We're now a week into our cycling and finally we're settling into some kind of routine. Dickie and Ro are doing a fantastic job of supporting us and trying to feed us enough food. Despite this we're already losing weight as its simply impossible to consume enough calories for the exercise we're doing. Nevertheless the whole team are performing superbly and we're working together seamlessly. The days are packed with cycling, making camp and then of course updating the website. We've had some excellent feedback from those following our progress. Please do pass on the details of what we're doing by email to those in your address book. We're trying to raise a significant amount for charity of course and the more support and interest we have the better. Feel free to add a link direct to the website.
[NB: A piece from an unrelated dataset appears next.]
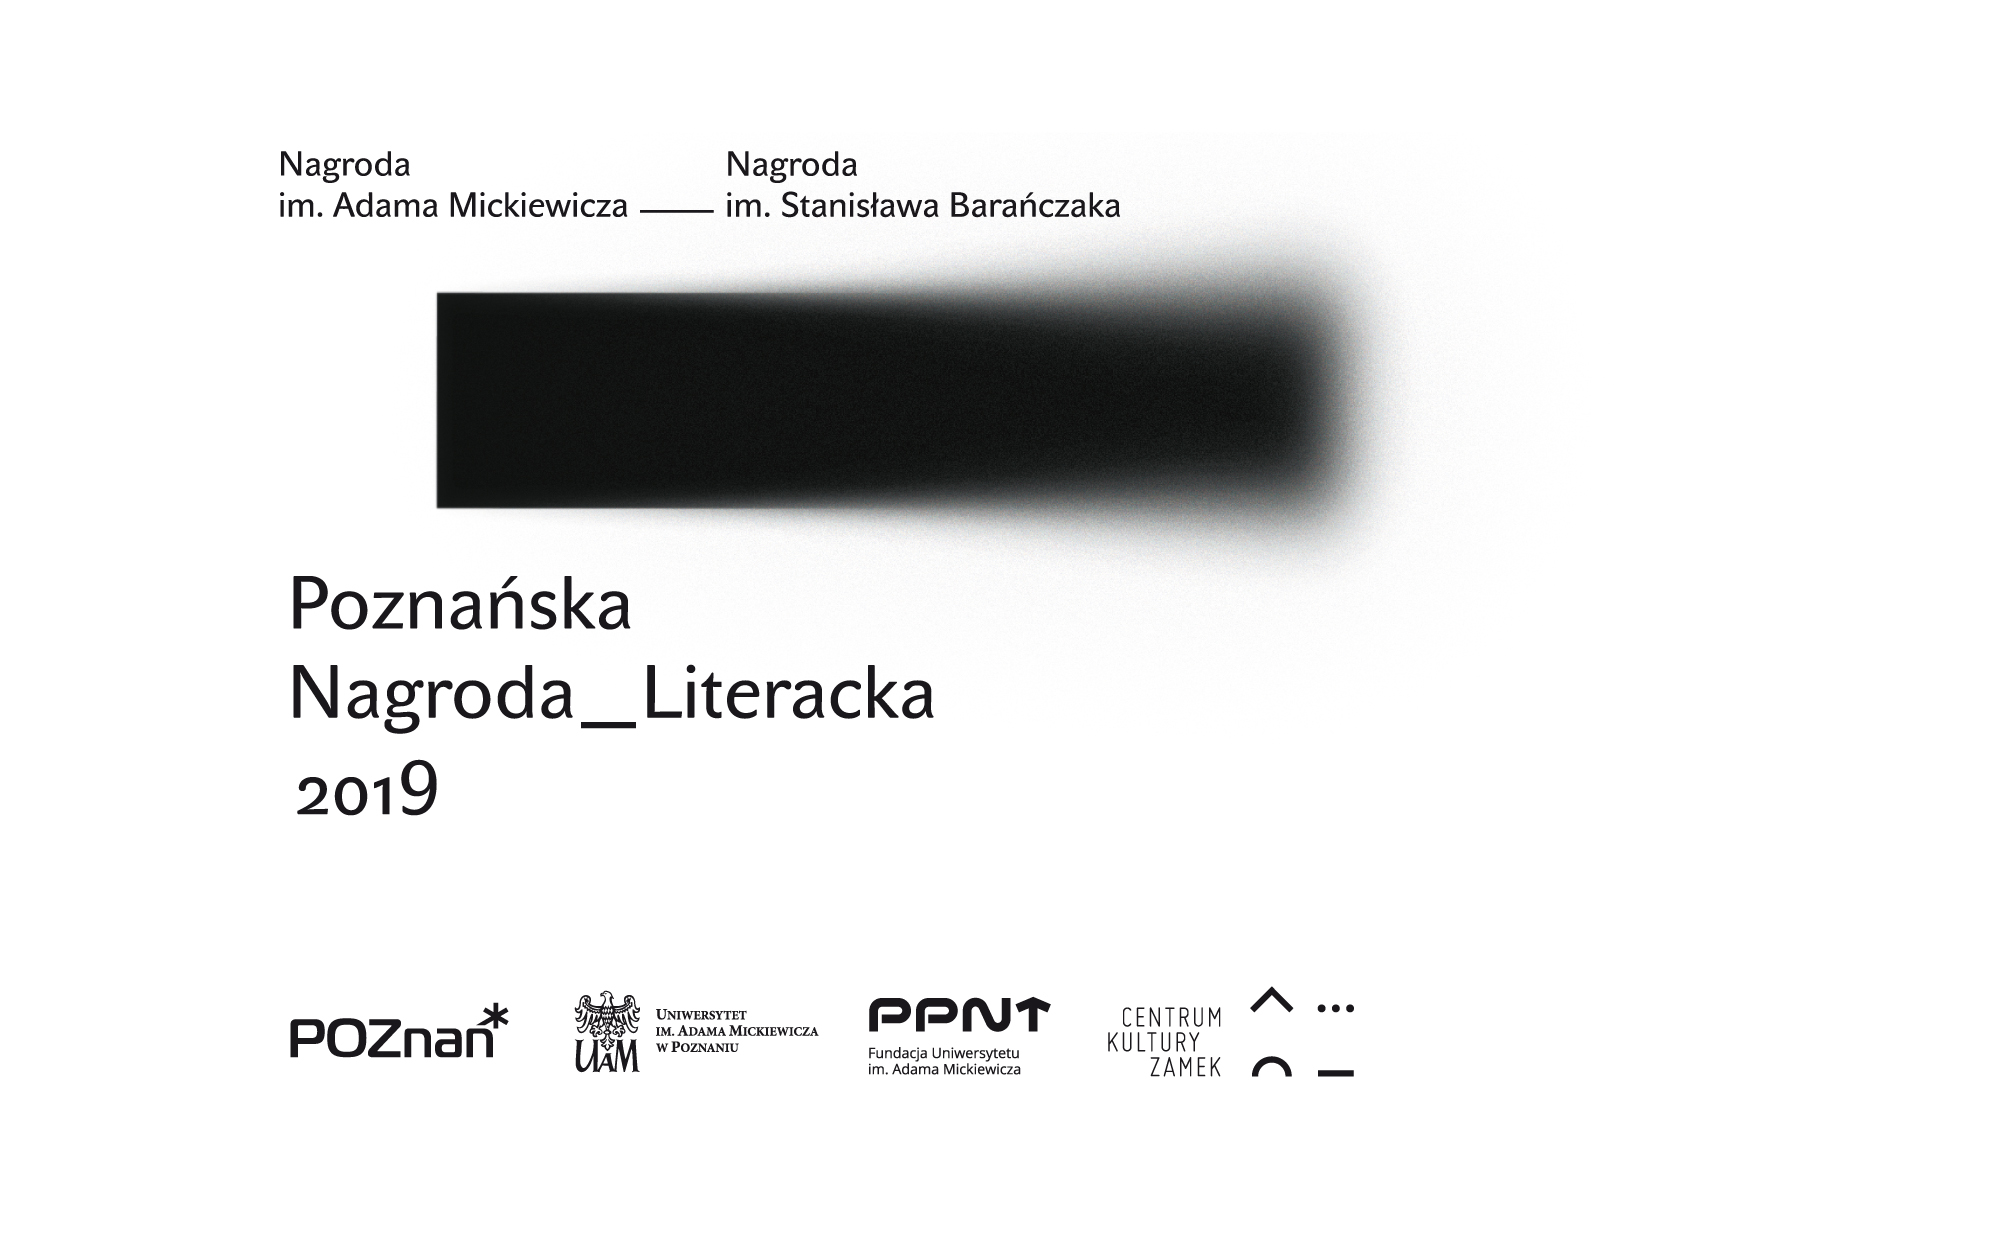 Poznańska Nagroda Literacka 2019 (źródło: materiały prasowe)

We heard yesterday that a German cyclist Gerry Winkler is attempting the same journey as us. He is some weeks ahead of us and will be on the South side of the mountain at the same time as we are on the North. We wish him well of course despite the bizarre coincidence that he is following the very route that has been posted on our site for the last year! This is not an easy journey to complete especially if you're on your own. We of course have the support of each other and cycling as a team of 5 is much easier. Nevertheless the pressure is on. England 5 - Germany 1, ring any bells! Place your bets..... 

Dead Sea departure

We're off!!

21st December - Dead Sea to Amman - distance 78km - ascent 1270m - av speed 11.2km/hr

At last we are off! After a 6 o'clock start and breakfast of pitta bread and cheese (not my idea of an ideal breakfast!), we drove south with a taxi packed full of people and bikes. The journey was spectacular as we descended over 1000m from Amman down to the Dead Sea. After a few pictures we enjoyed a swim in the very salty water (Sarah dipped her tongue in to check!). Dickie and Ro headed off in search of a vehicle to purchase (more on this soon) leaving the rest of the team to face the climb back to Amman under beautiful blue skies.

A few km after starting we turned off the highway onto a quieter road which wound up through the mountains (we ended up doing just under 2000m of climbing today). The scenery was incredible and the road relatively traffic free. We climbed steadily for about 4 hours past Mount Nebo (where Moses looked out over the promised land) to the town of Madaba up on the plateau; Nic making mincemeat of even the steepest sections of the road. Lunch consisted of fizzy drinks and swiss rolls though perhaps not enough to sate Jamie's appetite. Refuelled we headed on to Amman even enjoying a police escort through some of the trickier sections of Madaba.

We have been really impressed by the welcome of everyone we've met on route. However, we did experience the traditional 'welcome' of stone throwing at cyclists by Jordanian children - Pauline was hit on the foot but didn't suffer any injury thankfully.